Peters emphasized that most R&D would still be funded by business. “The NIH picks up those areas where the private sector, the pharmaceutical companies, might not be investing in research,” he said. “We’re not doing that in manufacturing.”
Peters said the existing efforts are “by and large good,” but they’re too siloed. “Unfortunately, these programs do not always work in concert with each other,” he said. “In some cases, there are layers and layers of bureaucracy that prevent an idea from seeing the light of day. We cannot let bureaucracy and disjointed programs stifle innovation.”
The senator wants to create a new role for a manufacturing czar who could report directly to the president. This person would be called the chief manufacturing officer of the United States. “It's important to put someone in charge,” said Peters. “You cannot have someone who has to wear 20 different hats. If you're wearing 20 different hats, some of those hats aren't going to get the kind of attention that they deserve. And that's why we want to put all of this into one umbrella organization.”
The senator said he wants the National Institute of Manufacturing to be a bipartisan undertaking. Peters is looking for Republican co-sponsors in the Senate and House. He’s planning to circulate a draft of his bill to offices on both sides of the aisle before introducing it so that he can make whatever changes are necessary to get broad support.

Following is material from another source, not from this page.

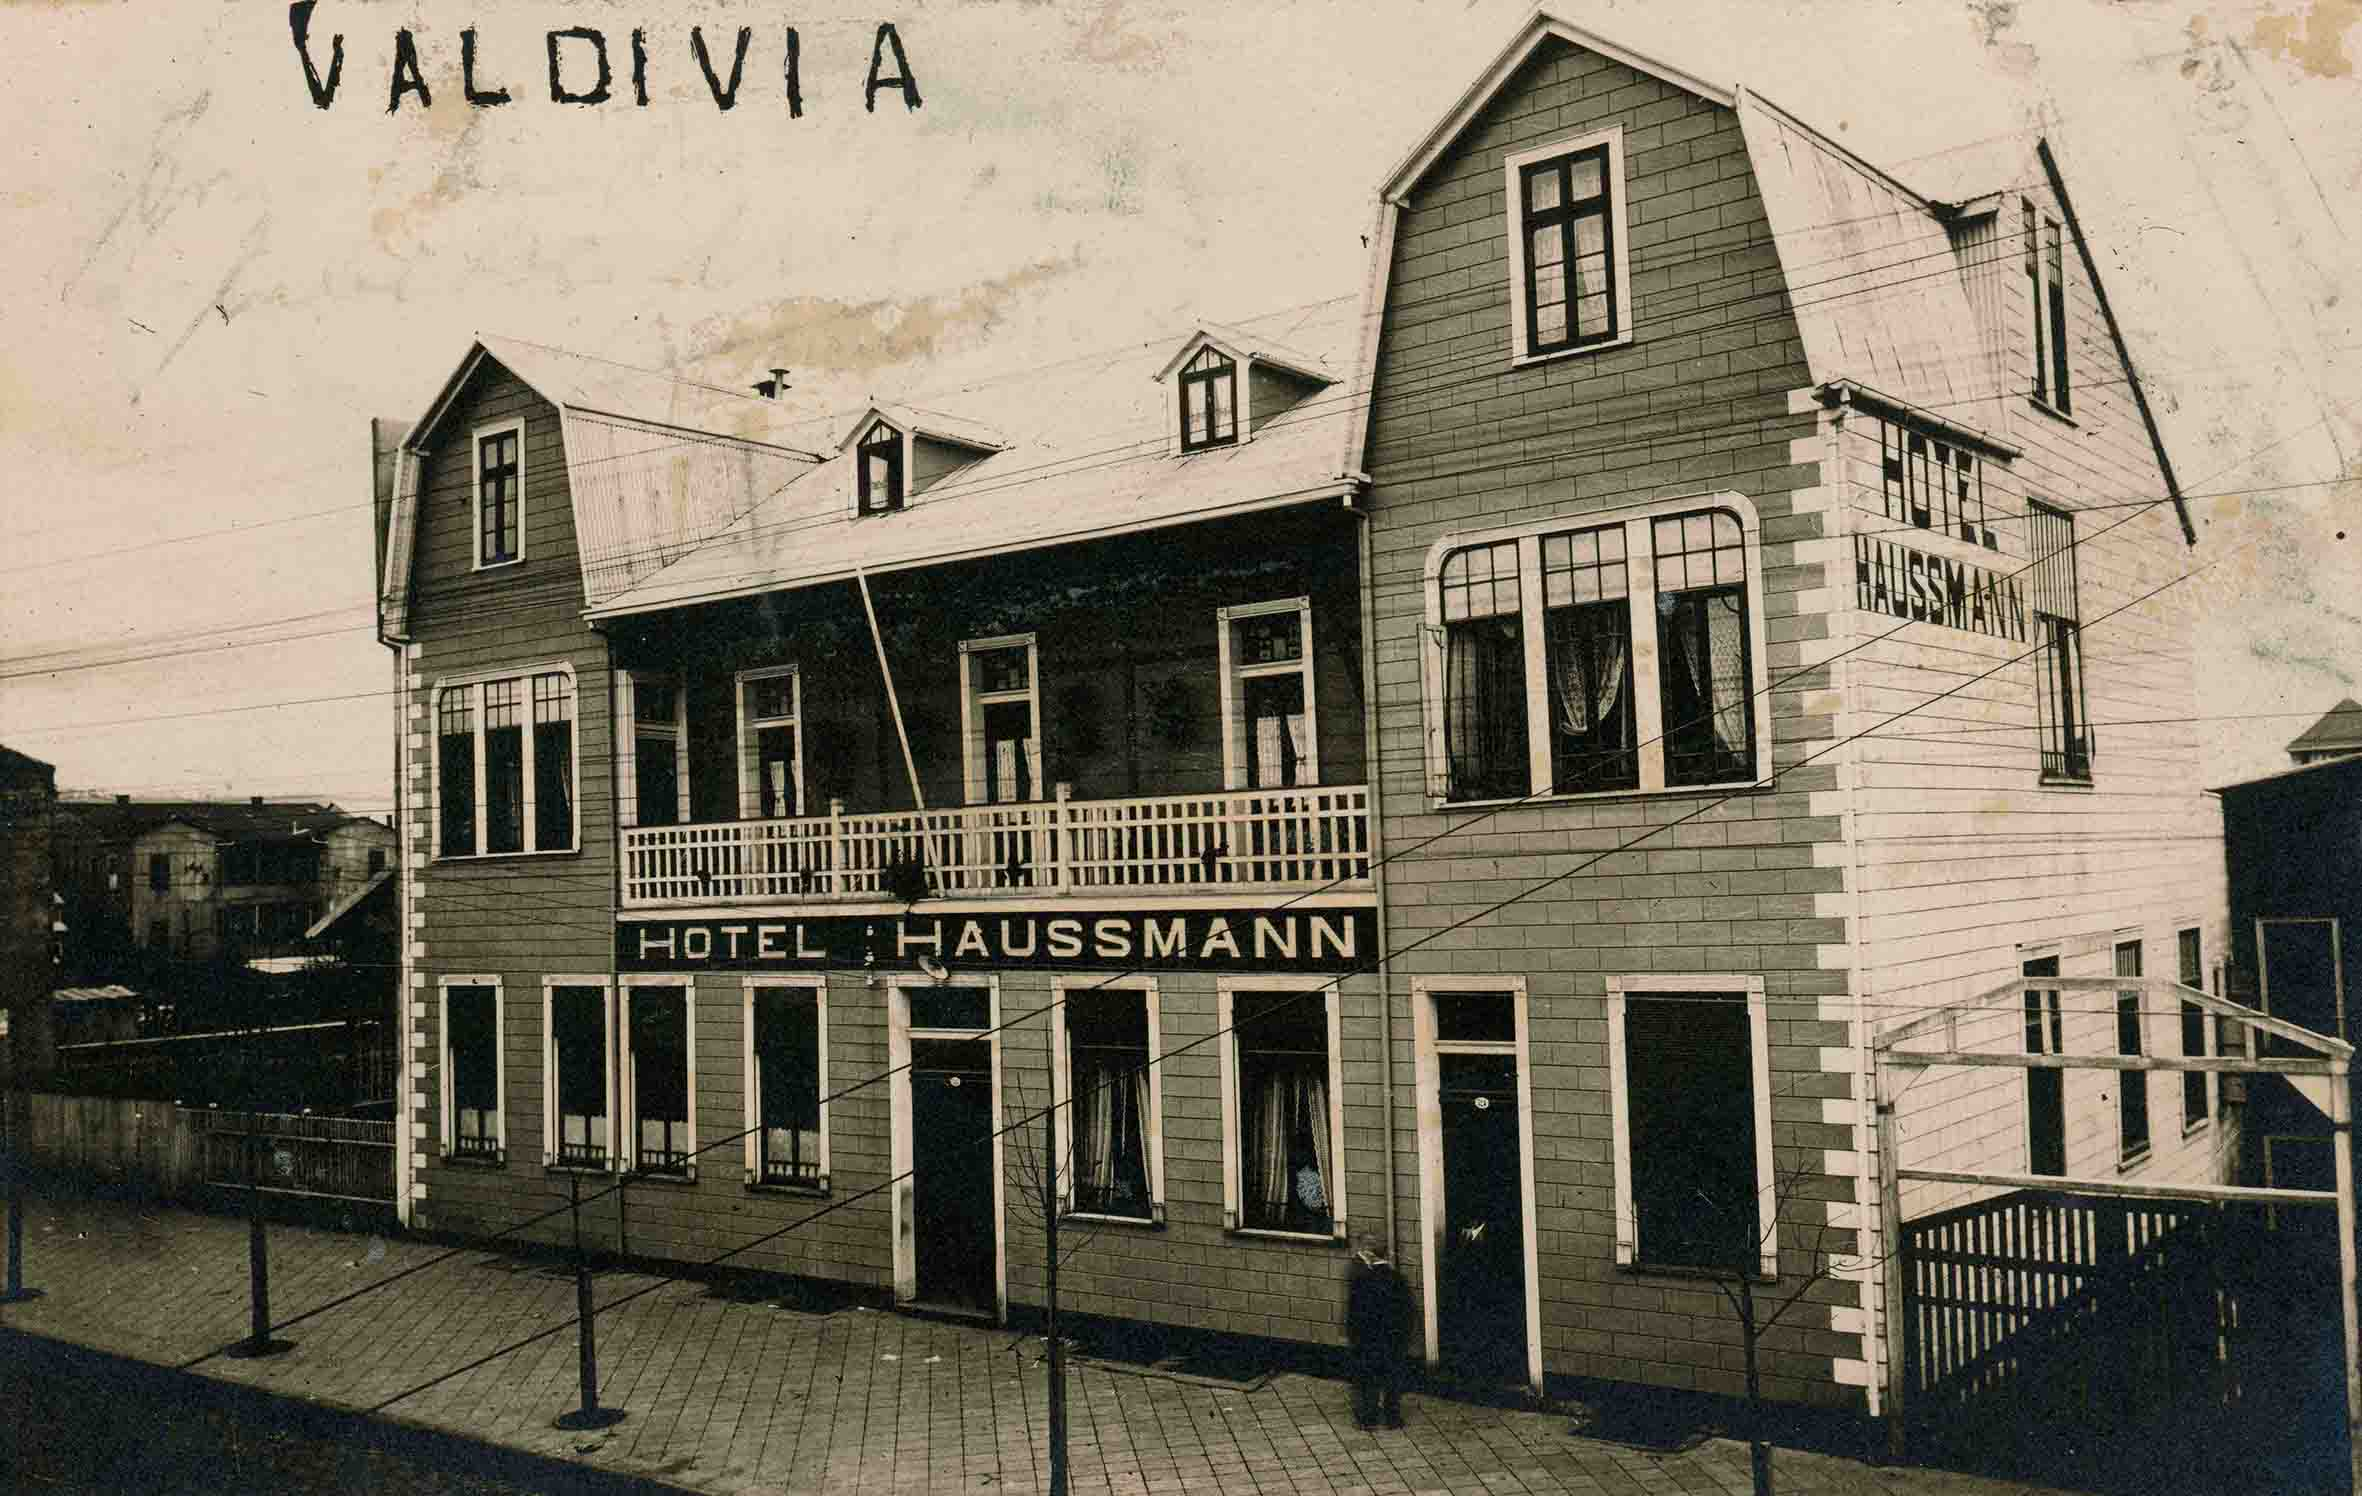 Enterreno - Fotos históricas de chile - fotos antiguas de Chile - Hotel Haussmann de Valdivia ca. 1930
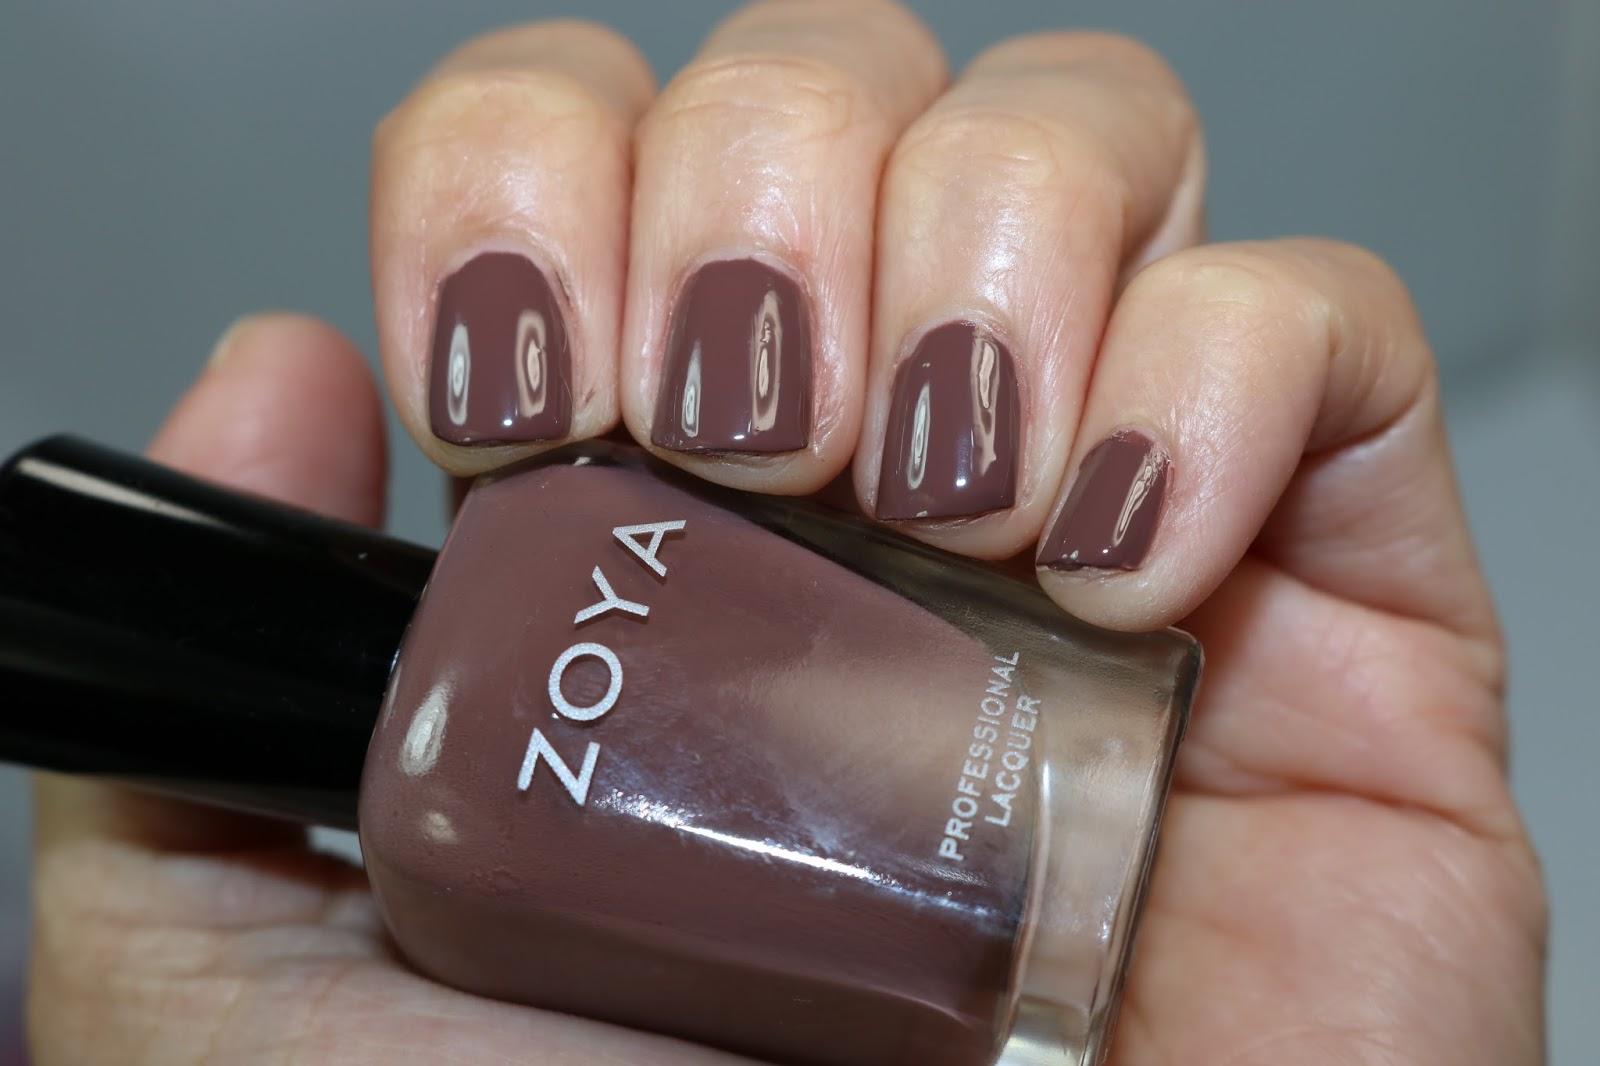 Zoya Nail Polish Naturel 3 Collection Swatches, Review - The Shades Of U

Peters argues that a nimble enough government policy that encourages the application of machine learning and artificial intelligence to manufacturing could bring back jobs that have gone overseas. We spoke on Saturday afternoon by phone as he drove between events in Michigan. Peters said that this new chief manufacturing officer could be the government’s point person on making sure young people learn the job skills necessary for the factories of the future.
“If you go on the factory floor in Michigan, it's not your father's or grandfather's factory,” he said. “As I travel around Michigan … the number one problem that they're facing is a lack of skilled labor. They say they have the job openings. They just don't have folks with the right kind of training and skills they need.”
In his speech tomorrow, Peters will make the case for optimism. “Venture capitalists call this disruption,” he plans to say. “I take a different view. I think change is only disruptive if it’s happening to you. If you are leading the change, it becomes transformational.”